RNA Sequencing and Bioinformatic Analysis of Splicing Events
RNA sequencing analysis was performed in HCT116 cell lines in which RBM23 was endogenously tagged with 3xFLAG or AID-3xFLAG at the C terminus. In brief, cells were treated with DMSO, 10 μM indisulam, or 100 μM IAA for 12 hours. RNA was extracted using the Quick-RNA MiniPrep kit (Zymo) and treated with TURBO DNase (Ambion) to remove genomic DNA. Following mRNA enrichment, cDNA libraries were generated using the TruSeq Stranded mRNA Sample Prep Kit (Illumina). Strand-specific single-end RNA sequencing was performed using Illumina NextSeq. The quality of the sequencing reads was evaluated using NGS QC Toolkit (v2.3.3) (Patel and Jain, 2012) and high-quality reads were extracted. The data files of the reference genome, hg19, were downloaded from Illumina iGenomes (https://support.illumina.com/sequencing/sequencing_software/igenome.html). The quality of the RNA-sequencing libraries was estimated by mapping the reads onto human transcript and ribosomal RNA sequences (Ensembl release 89) using Bowtie (v2.3.2) (Langmead and Salzberg, 2012). STAR (Dobin et al., 2013) was employed to align the reads onto the reference genome and HTSeq Python package (Anders et al., 2015) was employed to count reads per gene. DESeq R Bioconductor package (Anders and Huber, 2010; Gentleman et al., 2004) was used to normalize read counts and identify differentially expressed (DE) genes. KEGG (Kanehisa et al., 2017) pathway data was downloaded using KEGG API (https://www.kegg.jp/kegg/rest/keggapi.html) and gene ontology (GO) data was downloaded from NCBI FTP (ftp://ftp.ncbi.nlm.nih.gov/gene/DATA/gene2go.gz). The enrichment of DE genes to pathways and GOs were calculated by Fisher’s exact test in R statistical package. Differential alternative splicing events were identified using SpliceFisher (https://github.com/jiwoongbio/SpliceFisher).

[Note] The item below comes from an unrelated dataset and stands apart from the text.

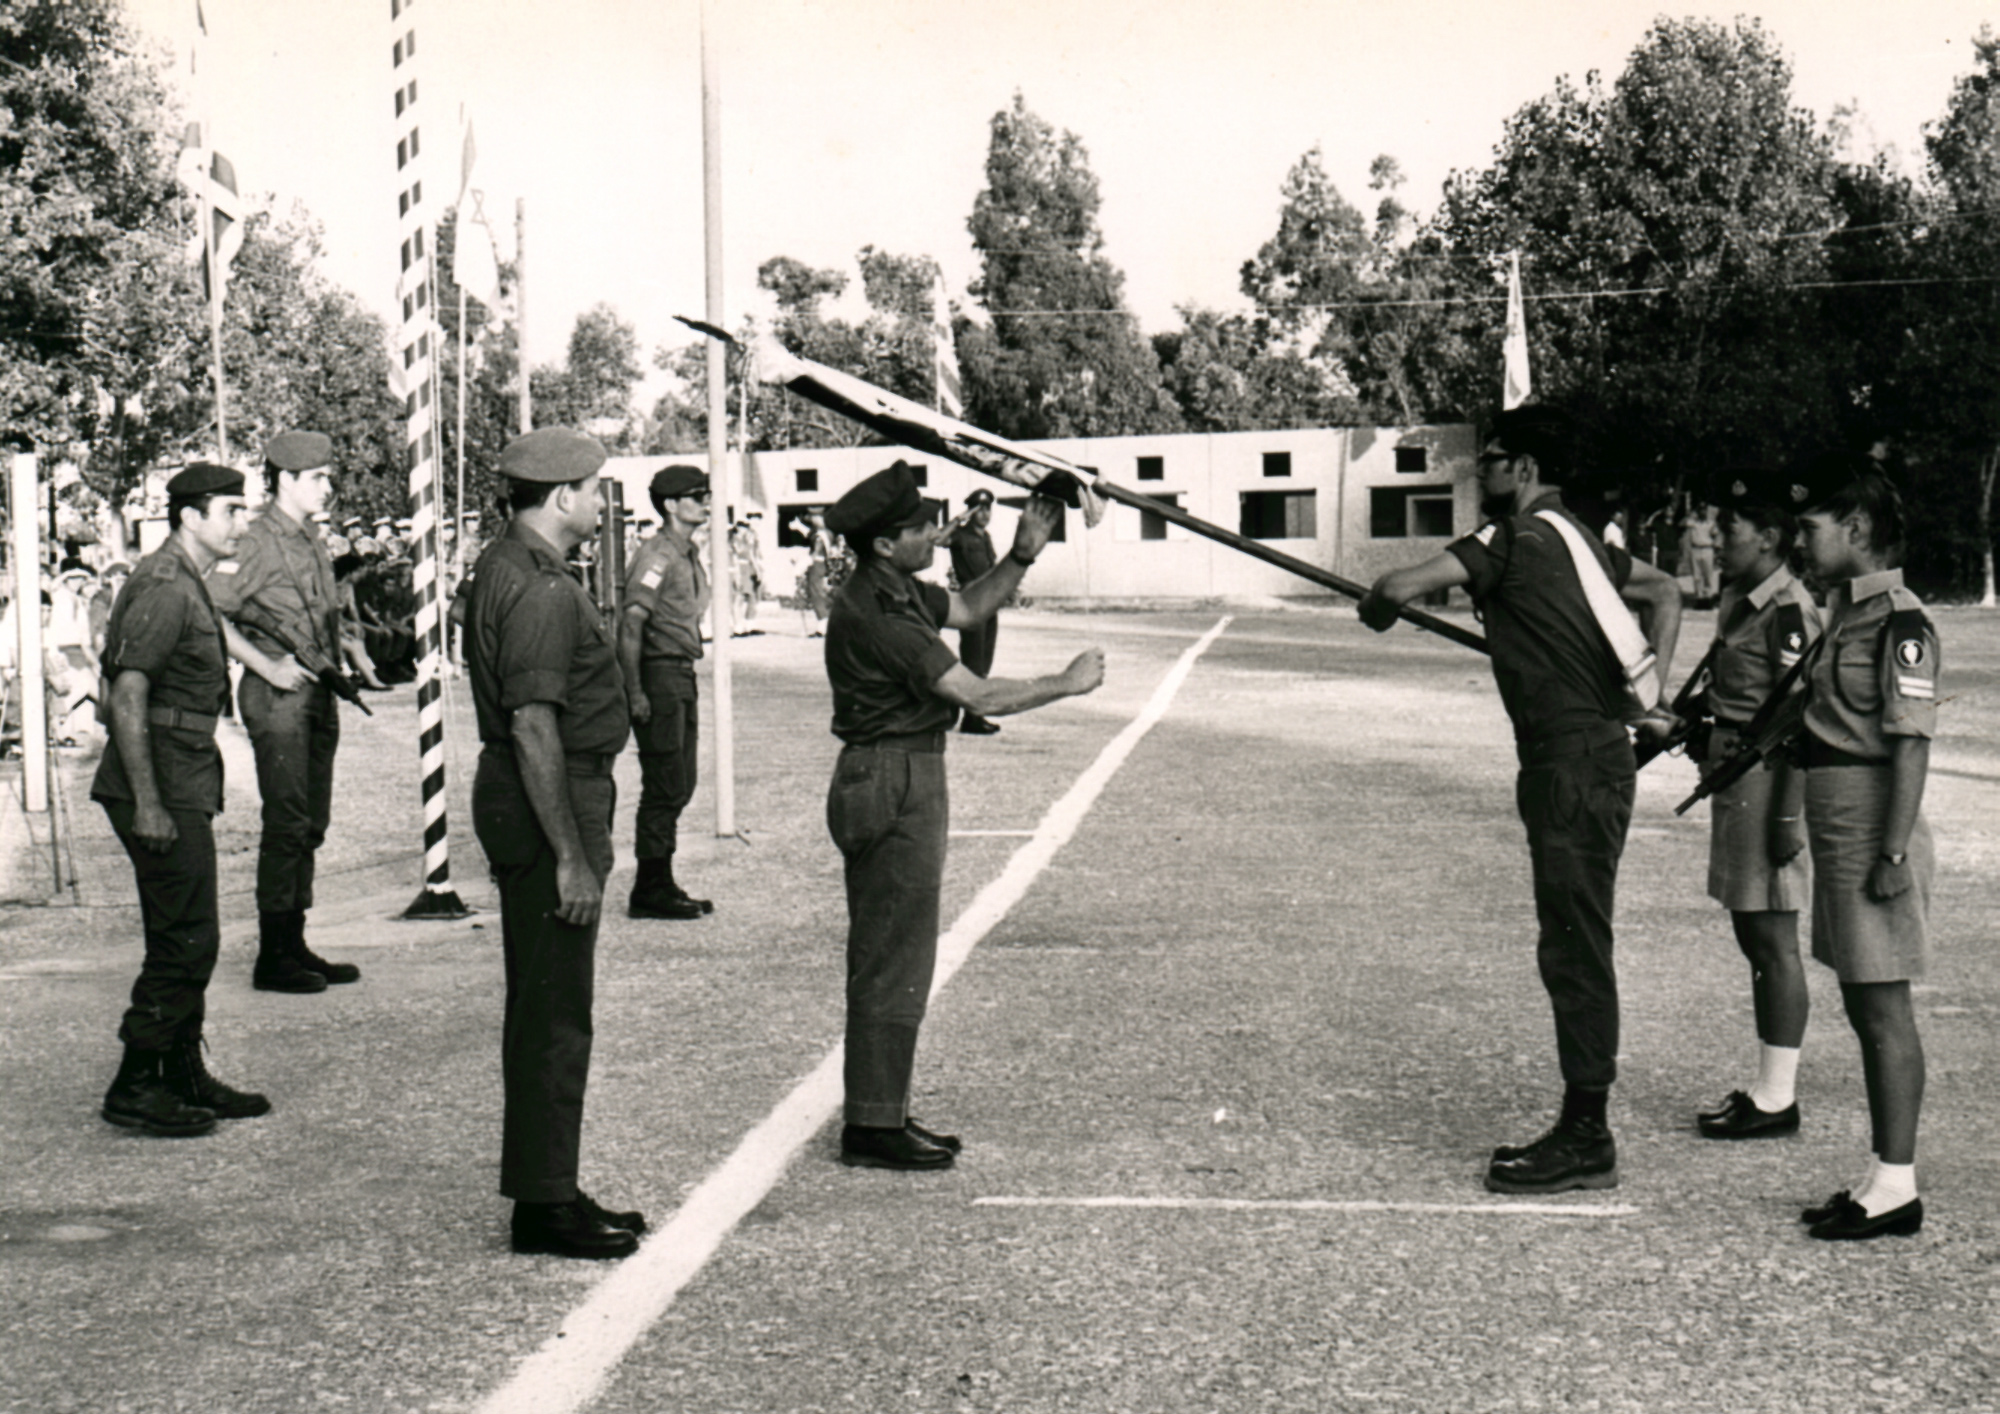 יוני 1969 – מחנה 477 בגלילות ראש אמ"ן אלוף אהרון יריב ומפקד פה"ד אל"מ נתן גרוסמן בטקס החשיפה של דגל הבה"ד .
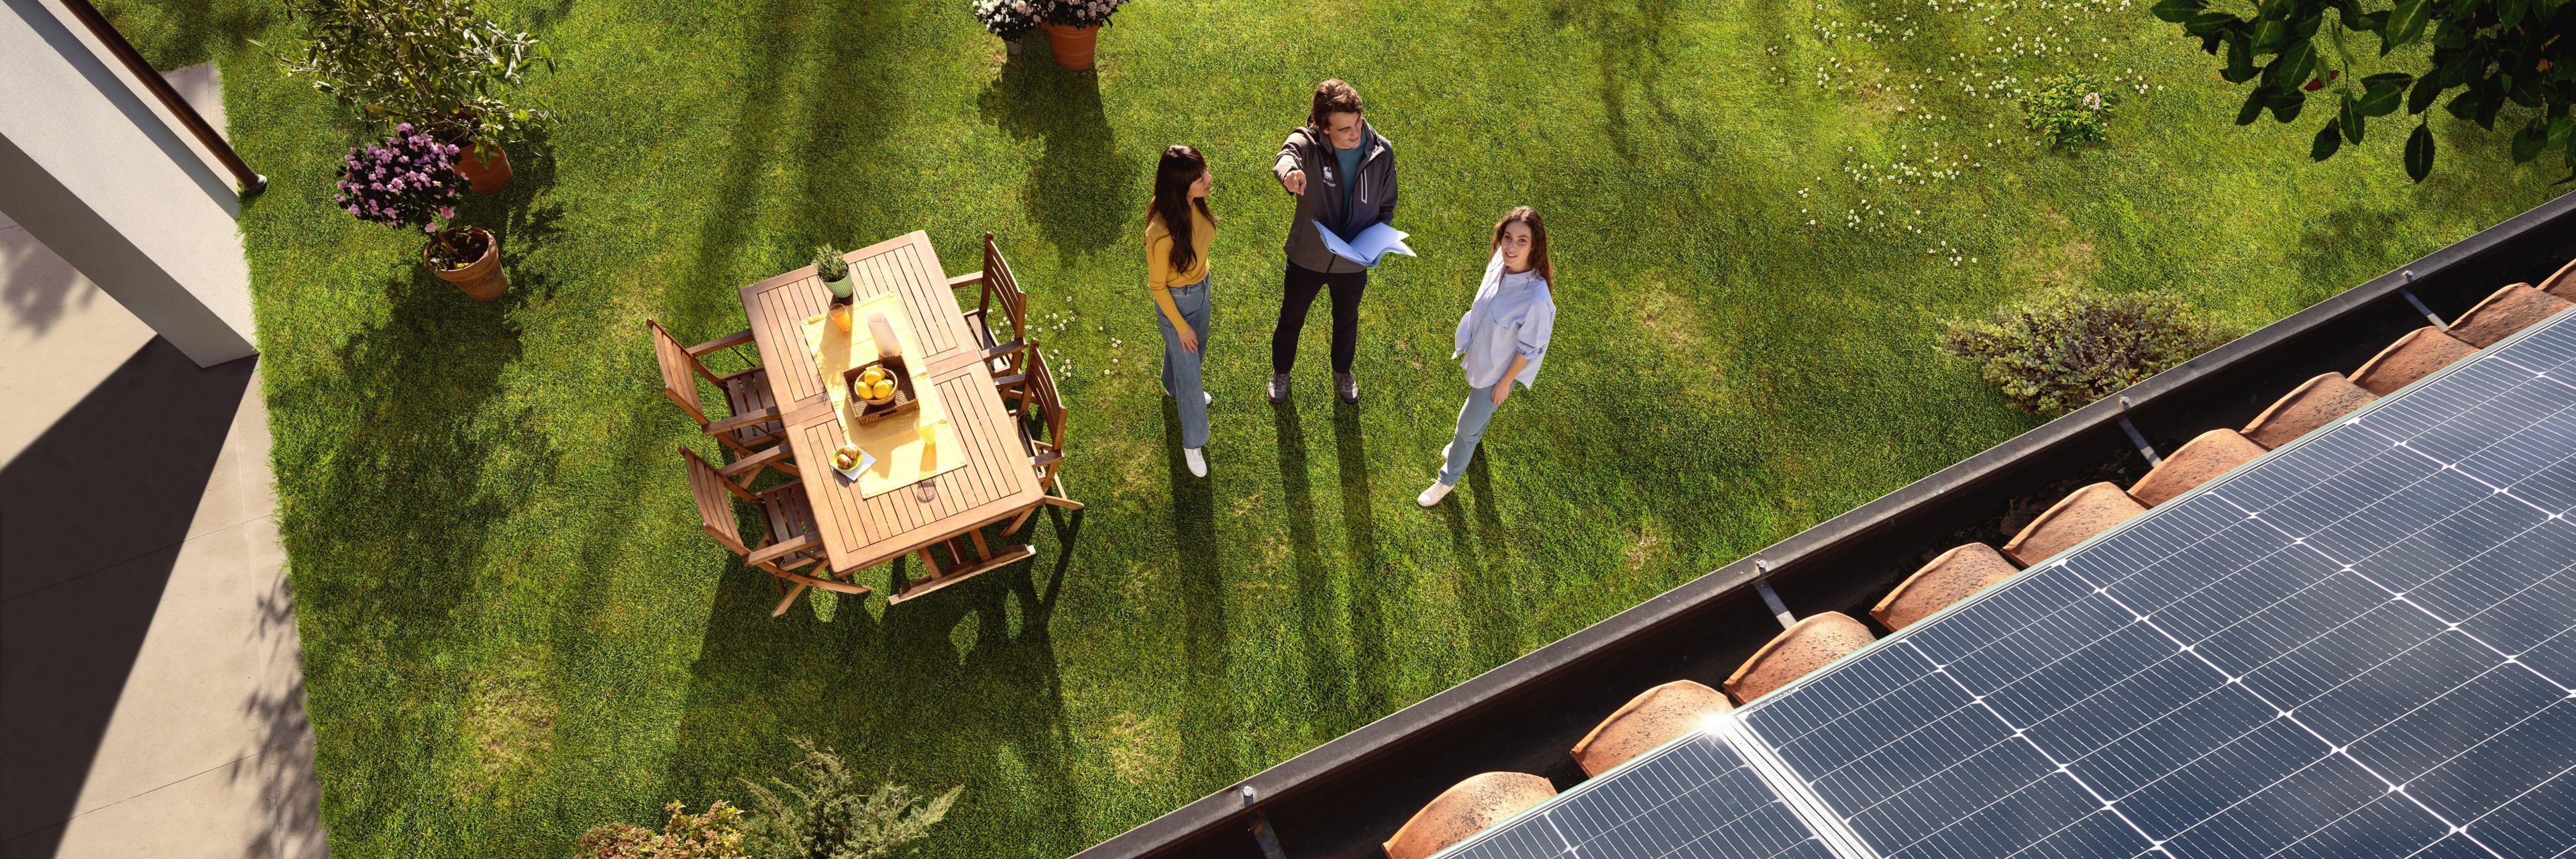 Tre persone che indicano dei pannelli solari sul tetto

QUANTIFICATION AND STATISTICAL ANALYSIS
DCAF15 mutagenesis sequencing data was analyzed using the NGS QC Toolkit (v2.3.3), Burrows-Wheler Aligner (BWA, v0.7.15a), and SAMtools. Significance was calculated by Fisher’s exact test. For RNA sequencing analyses, data was analyzed using NGS QC Toolkit (v2.3.3), Bowtie (v2.23.2), HTSeq python package, and DESeq R Bioconductor package. Significance was calculated by Fisher’s exact test. For FRET assays, experiments were performed in triplicate and plotted as mean ± SEM. The EC50 was calculated from a four parameter dose response curve generated with the Prism 8 software package.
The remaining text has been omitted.